Deferred Revenue Index
Deferred Revenue is an account created on a company’s Balance Sheet when a customer pays for a product or service before it is delivered. Typical companies have Accounts Receivable on their Balance Sheets, since these companies receive payments from customers only weeks or months after the product or service is delivered. Why does this matter? Receiving payments upfront obviously has positive cash flow implications. But also – and perhaps more importantly – the ability to charge a customer upfront is generally a “signal” of strong differentiation for a company’s product or service.
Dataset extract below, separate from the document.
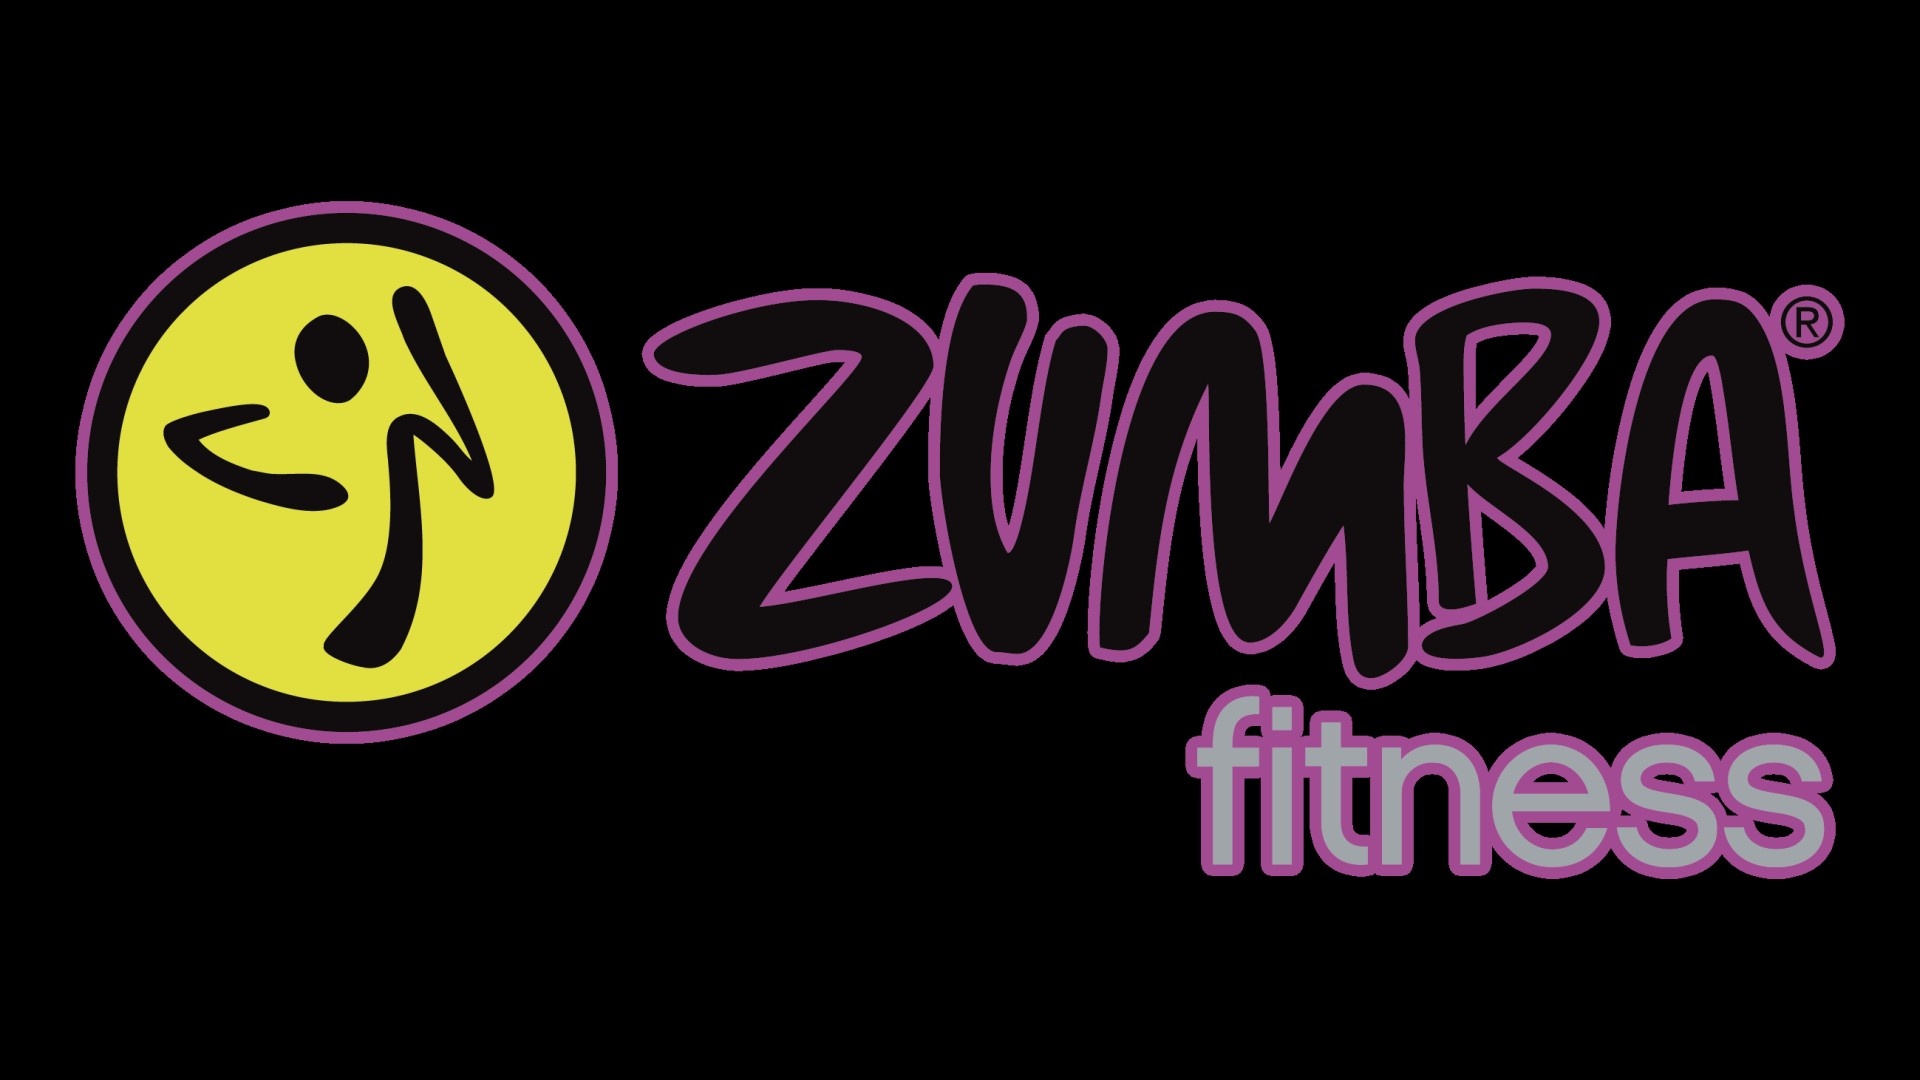 Zumba fitness, Zumba details, Zumba launchbox, Zumba games, 1920x1080 Full HD Desktop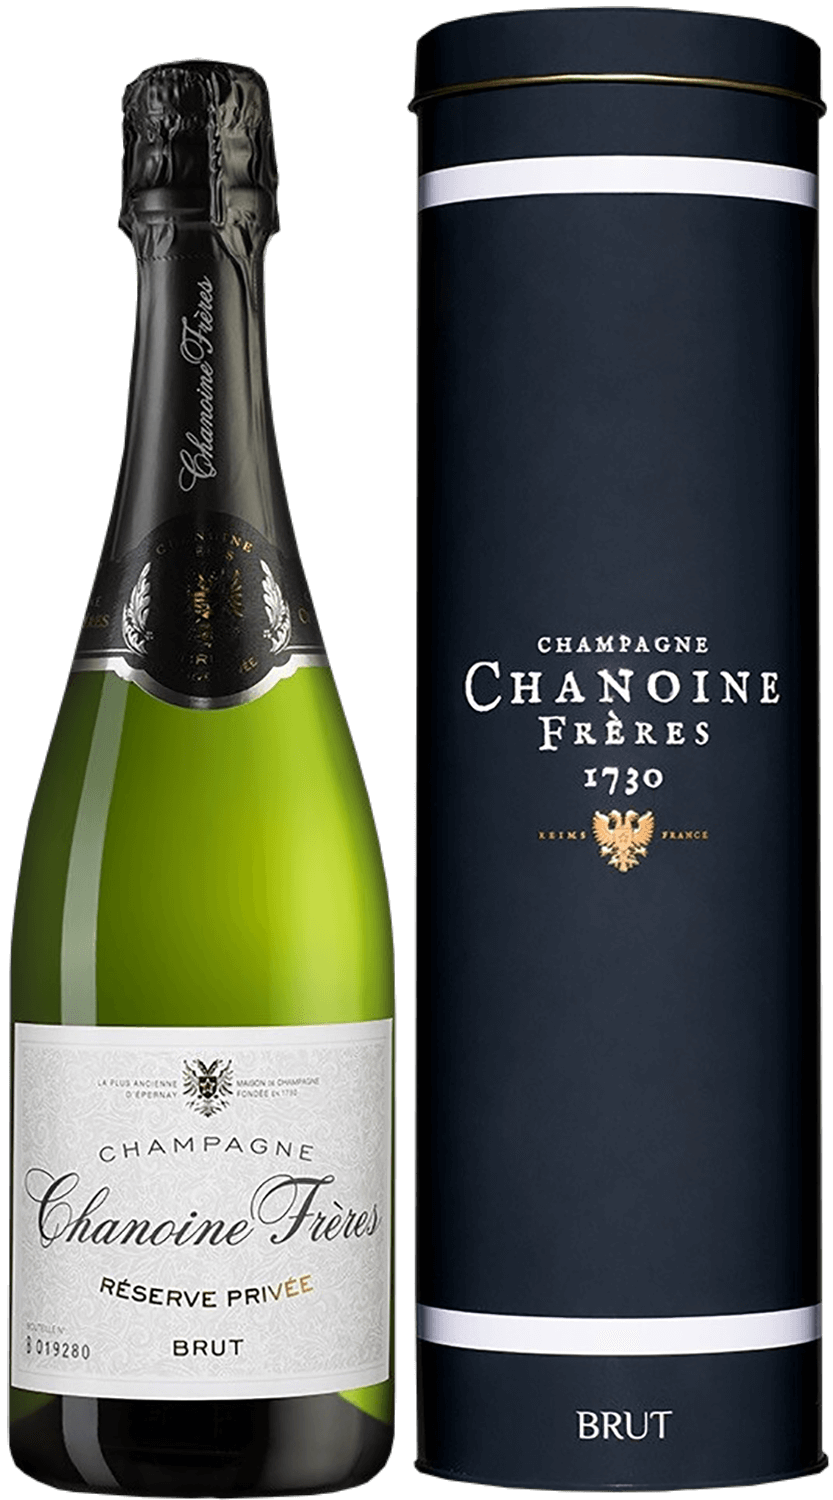 Reserve Privee Brut Champagne AOC Chanoine Freres (gift box) mailly grand cru brut reserve champagne aoc gift box

Efficient Alpha Capital believes that companies with higher Deferred Revenue balances (as a percentage of revenue) generally have more attractive financial profiles and can present superior investment opportunities. Therefore, the Efficient Alpha Capital Deferred Revenue Index selects companies on the basis of Deferred Revenue as a percentage of revenue, with a valuation overlay that attempts to exclude companies that may be over-valued despite their Deferred Revenue attributes.
Free Cash Flow Index
Free Cash Flow is defined based upon the following formula: Cash Flow from Operations less Capital Expenditures. Free Cash Flow can be a more meaningful metric compared to other measures of a company’s fundamental financial performance. First, Free Cash Flow measures the ability to deliver what is most important to a shareholder: excess cash that could be distributed to shareholders. Second, Free Cash Flow is a financial metric that is less susceptible to manipulation or “false positives.” Most other financial metrics, taken by themselves and without a more comprehensive financial analysis, exclude critical elements of a company’s financial model.
Efficient Alpha Capital believes that companies with superior Free Cash Flow characteristics generally have more attractive financial profiles and can present superior investment opportunities. Therefore, the Efficient Alpha Capital Free Cash Flow Index selects companies on the basis of key Free Cash Flow-related metrics, with a valuation overlay that attempts to exclude companies that may be over-valued despite their Free Cash Flow profile.